YOUR INSTRUCTIONS — Would you please set down the data again exactly as given, excluding the pictures?

DATA BELOW —
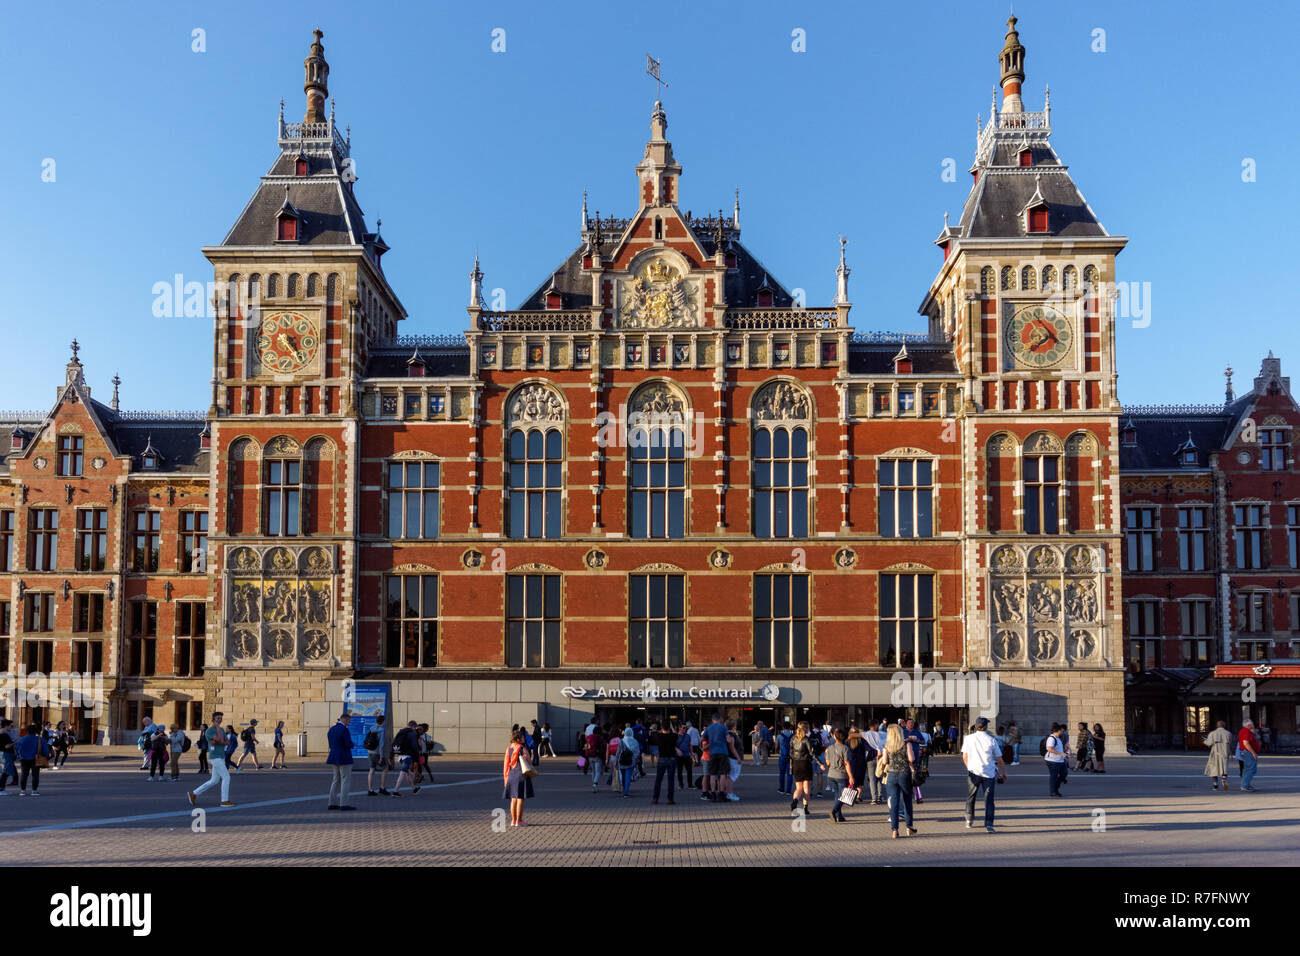 D'Amsterdam, la gare centrale d'Amsterdam, Amsterdam, Pays-Bas Banque D'Images
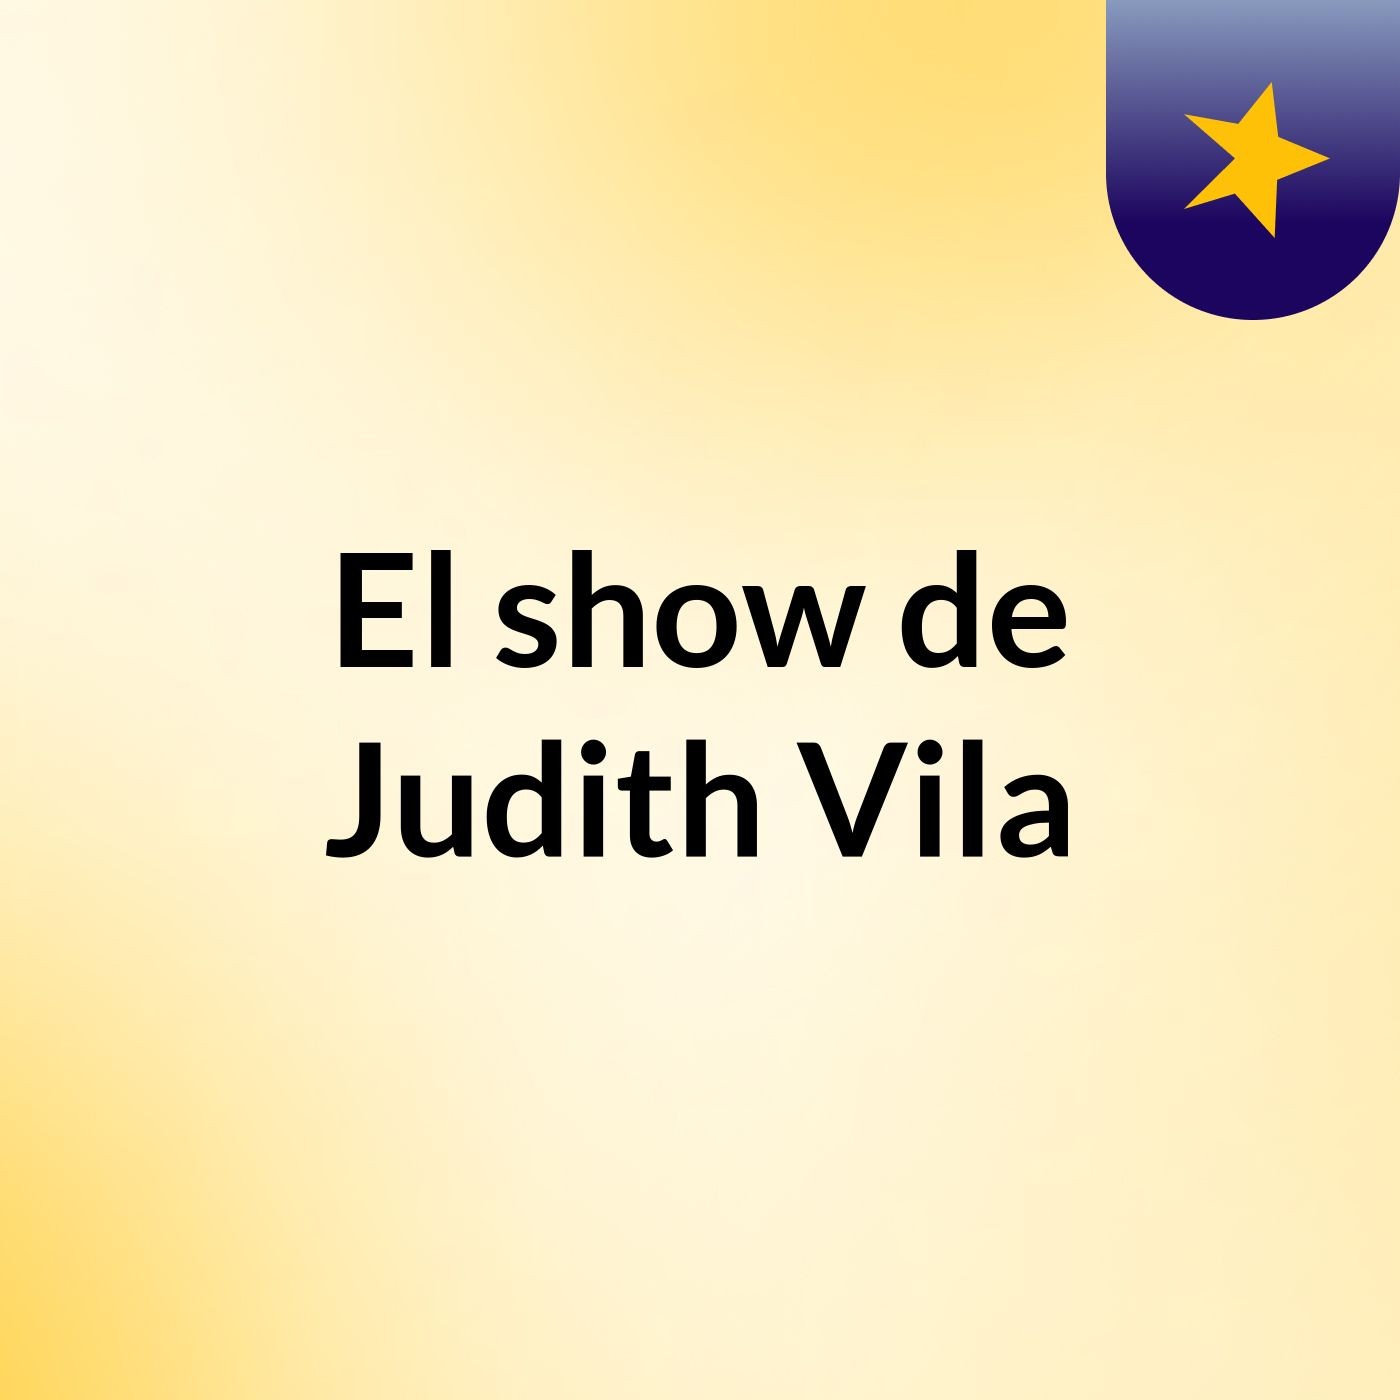 El show de Judith Vila
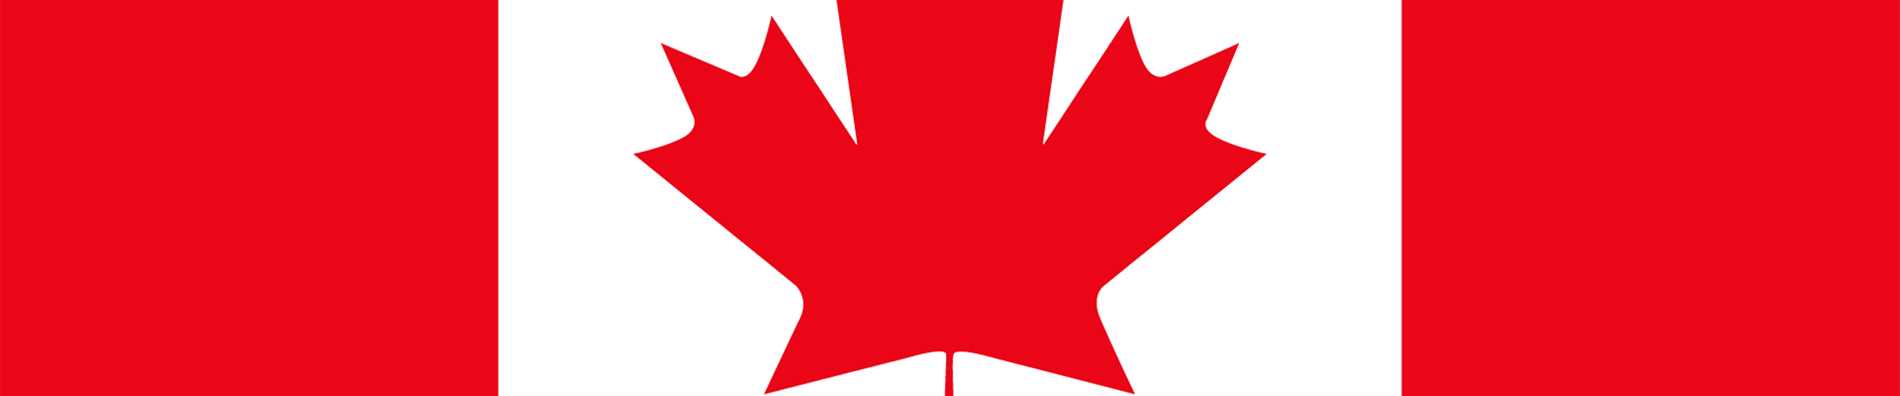 Le tiers supérieur du drapeau canadien

TASK RESPONSE —
 D'Amsterdam, la gare centrale d'Amsterdam, Amsterdam, Pays-Bas Banque D'Images
 El show de Judith Vila
 Le tiers supérieur du drapeau canadien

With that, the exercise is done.